▶ _TASK OBJECTIVE_
Find the line that contains "mr putter and tabby first book". Copy it and every line after it to the end of the material below, exactly, with no pictures.

------ RECORDED INFORMATION ------

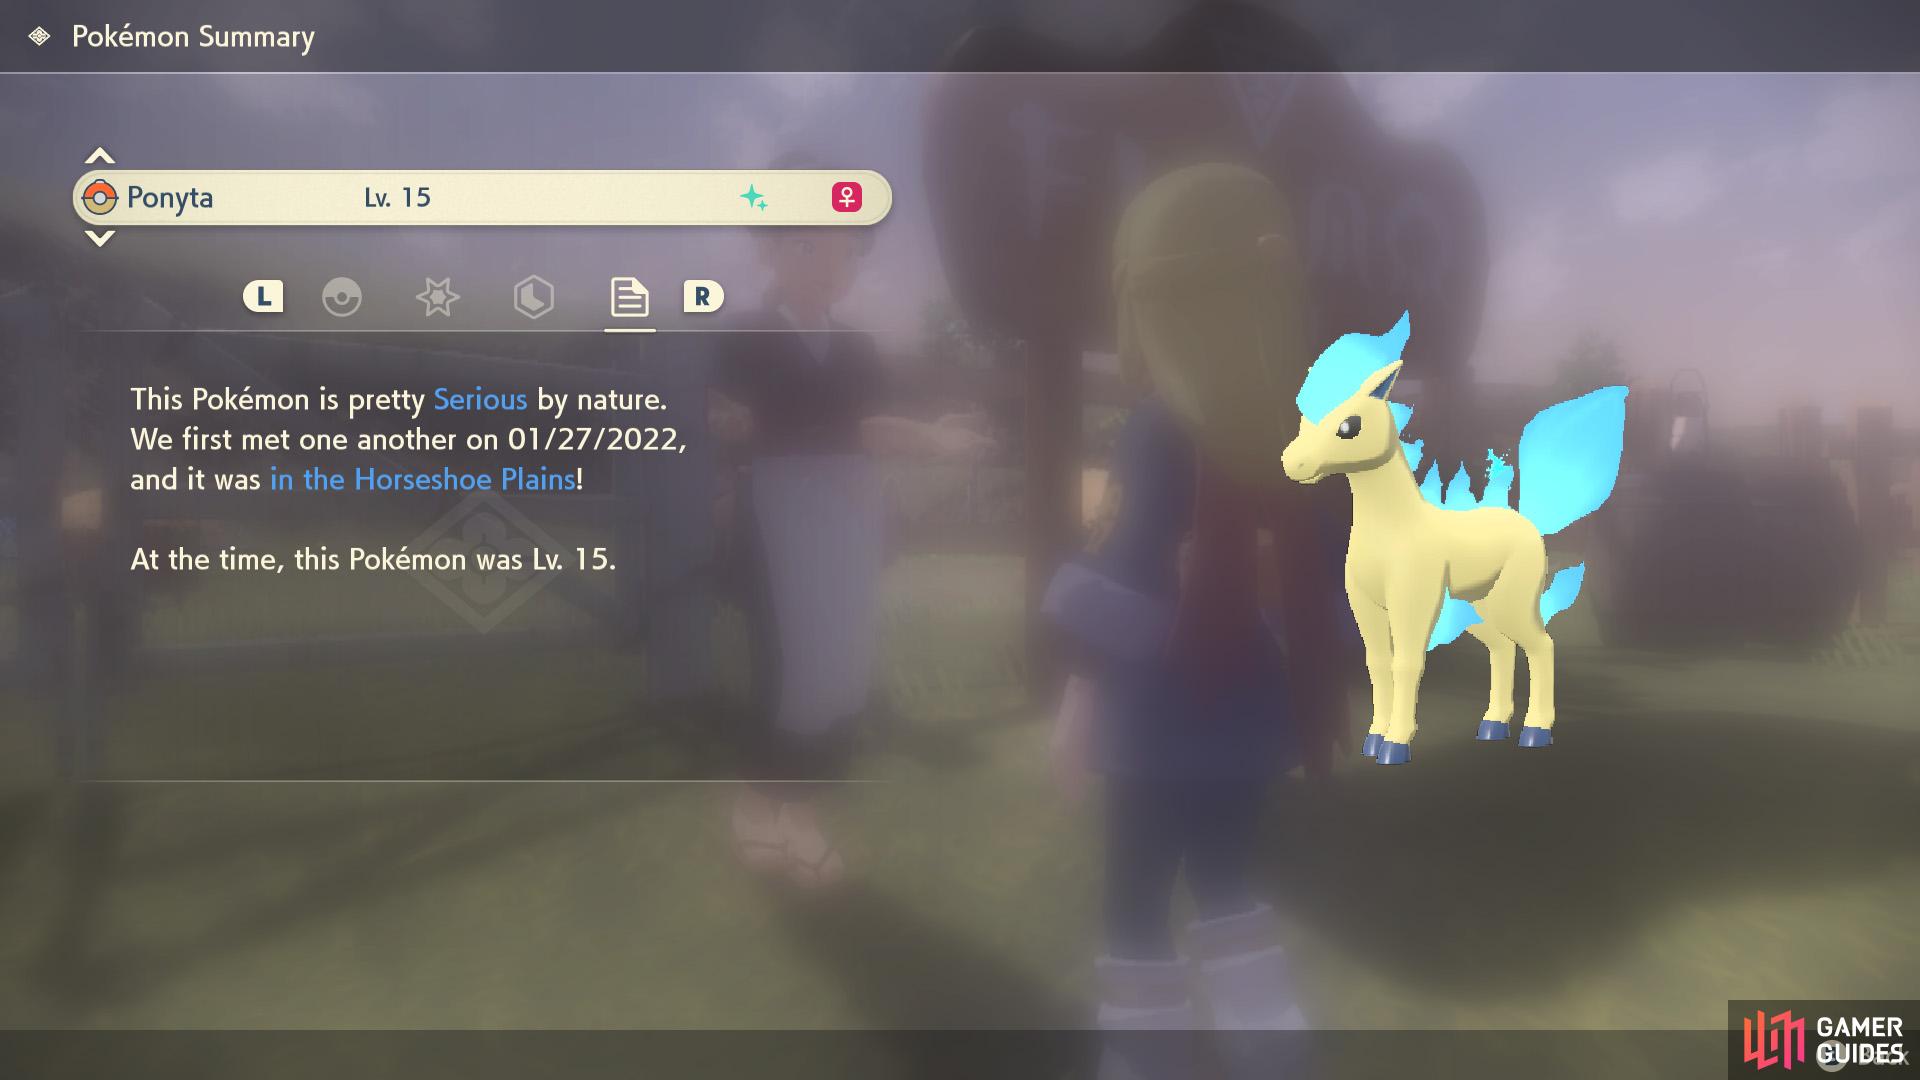 Also, he's not cruel enough to take your shiny Ponyta.
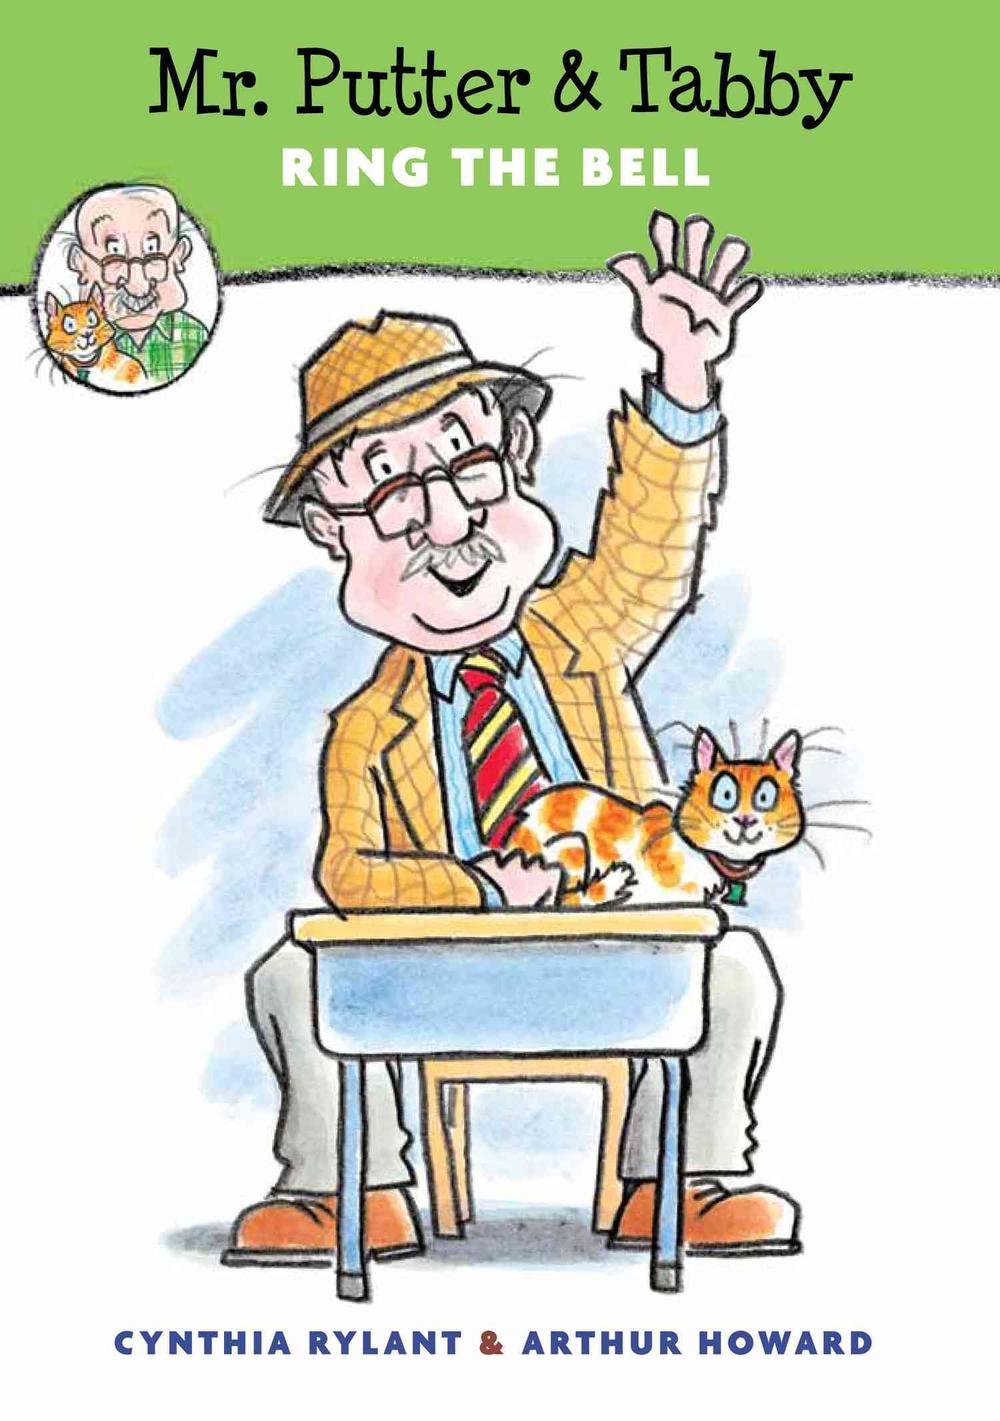 mr putter and tabby first book
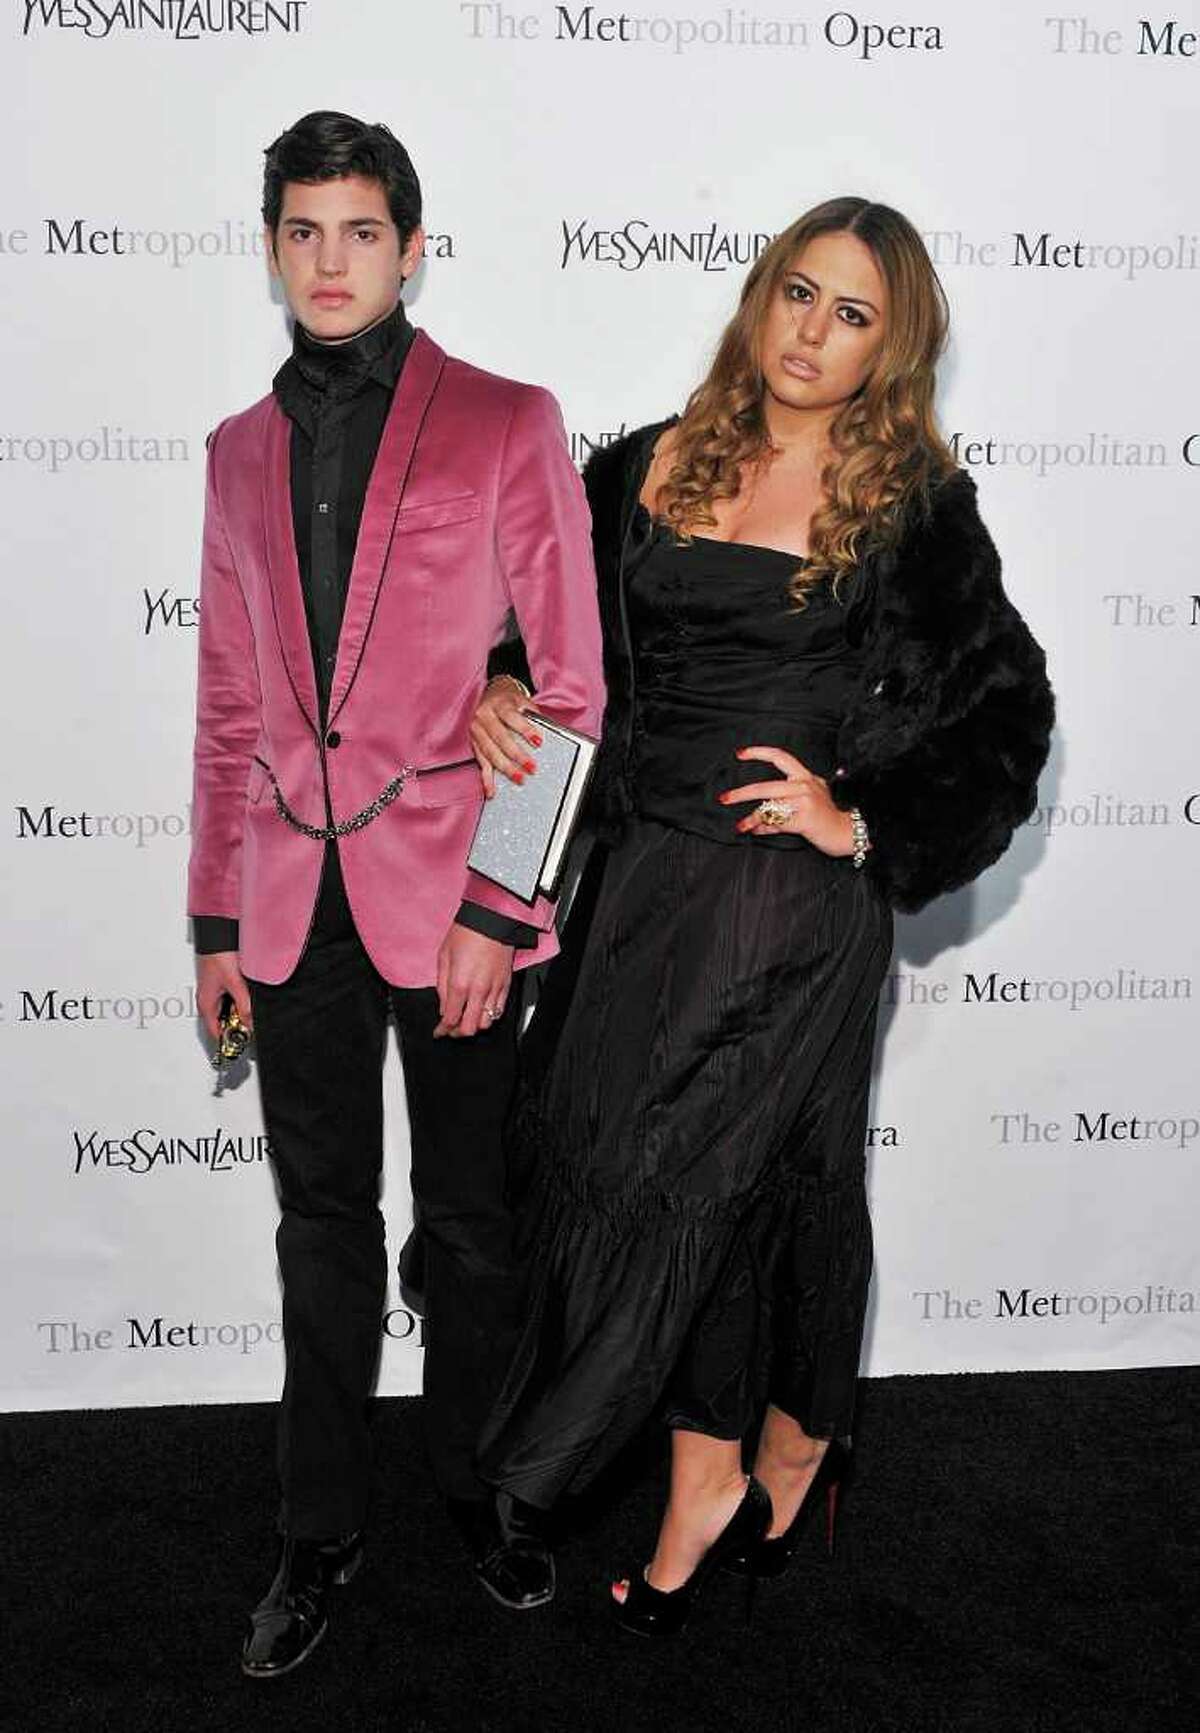 NEW YORK, NY - MARCH 24: Peter Brant Jr. (L) and Yvette Prieto attend the Metropolitan Opera's gala premiere of Rossini's "Le Comte Ory" at The Metropolitan Opera House on March 24, 2011 in New York City. (Photo by Mike Coppola/Getty Images) *** Local Caption *** Peter Brant Jr.;Yvette Prieto
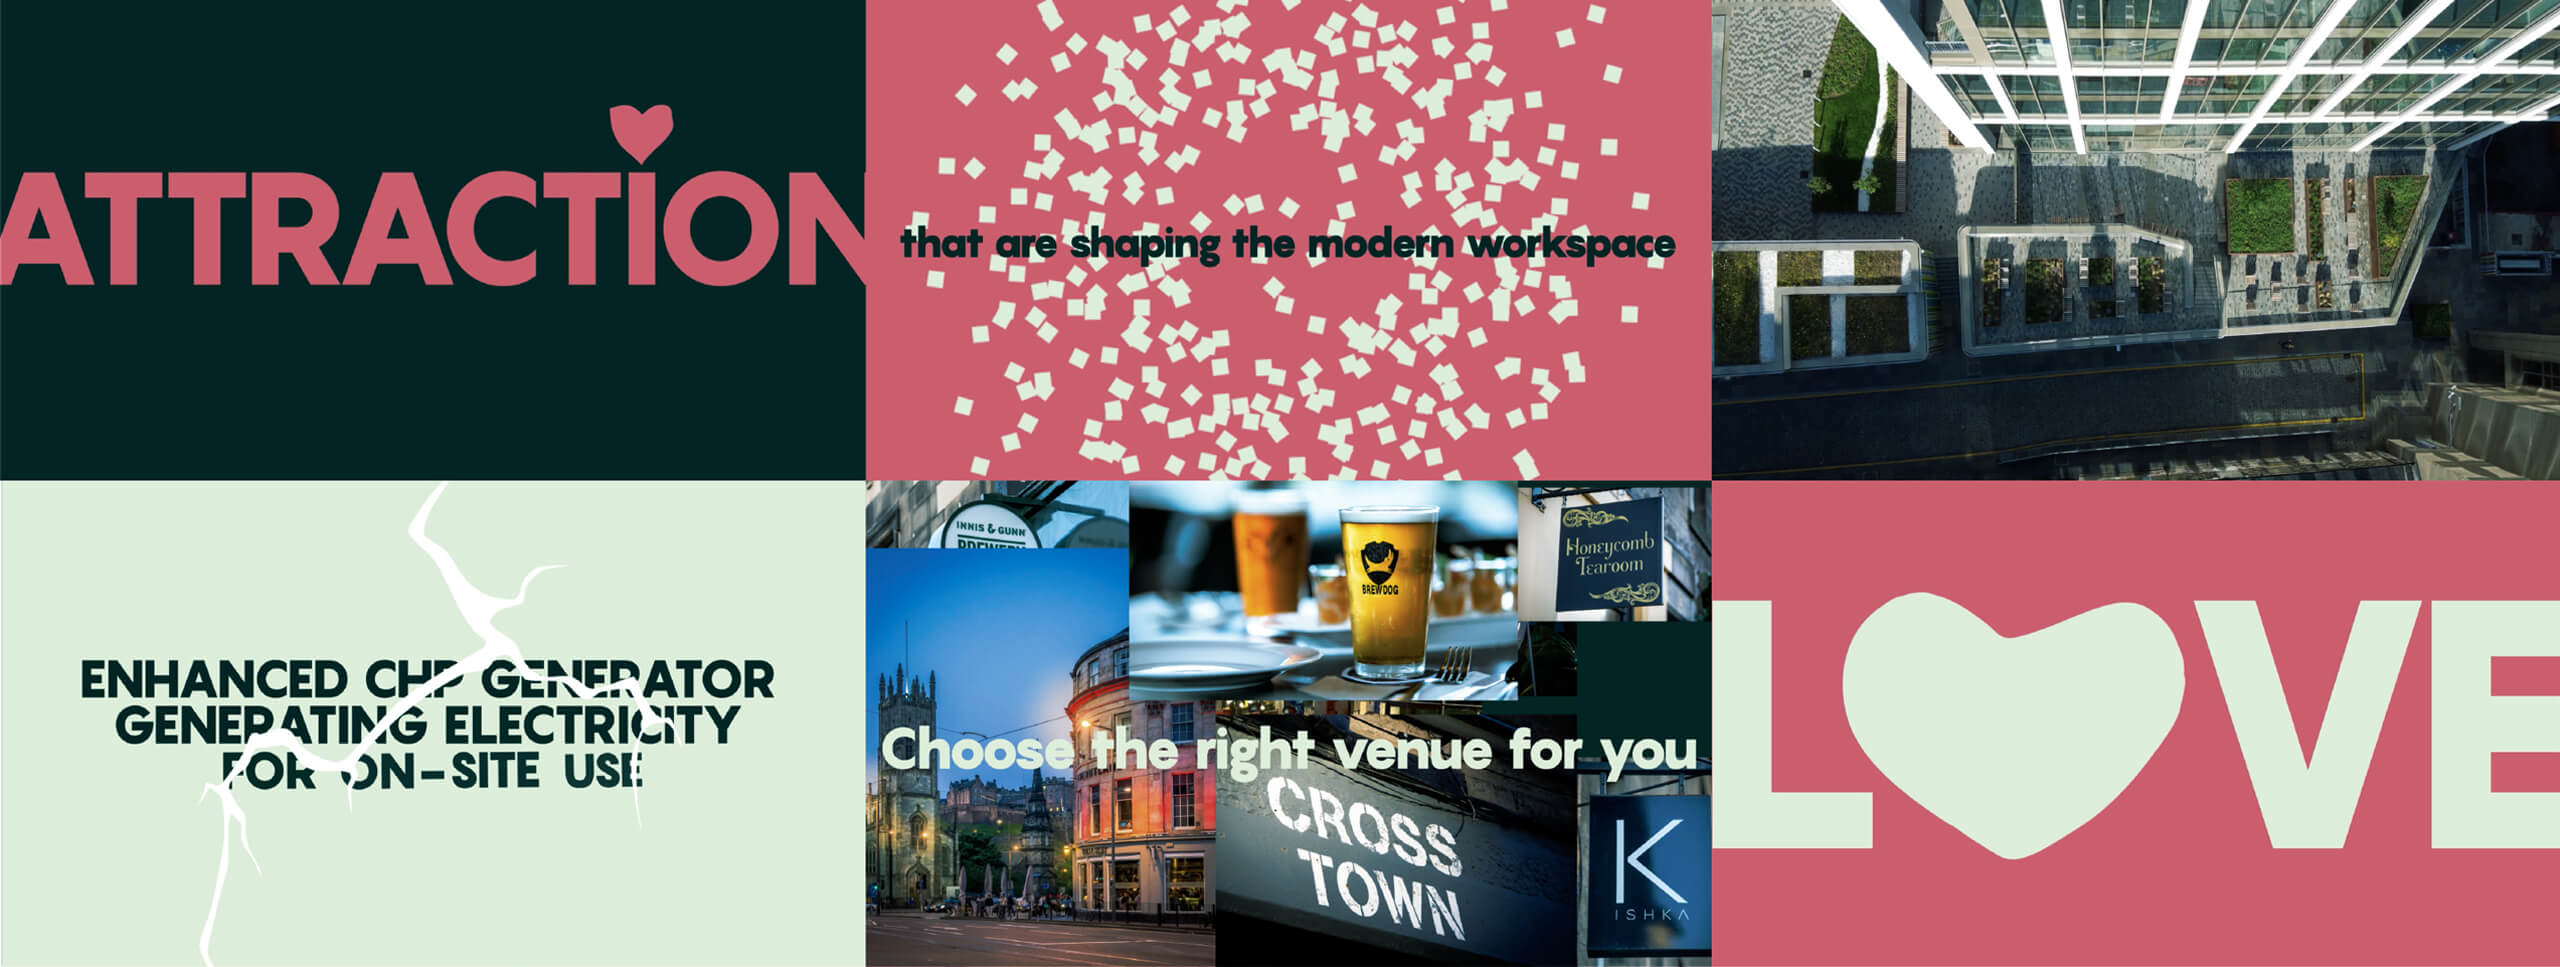 Capital Square advertising examples

------

▶ _ANSWER TO THE PROBLEM_
 mr putter and tabby first book
 NEW YORK, NY - MARCH 24: Peter Brant Jr. (L) and Yvette Prieto attend the Metropolitan Opera's gala premiere of Rossini's "Le Comte Ory" at The Metropolitan Opera House on March 24, 2011 in New York City. (Photo by Mike Coppola/Getty Images) *** Local Caption *** Peter Brant Jr.;Yvette Prieto
 Capital Square advertising examples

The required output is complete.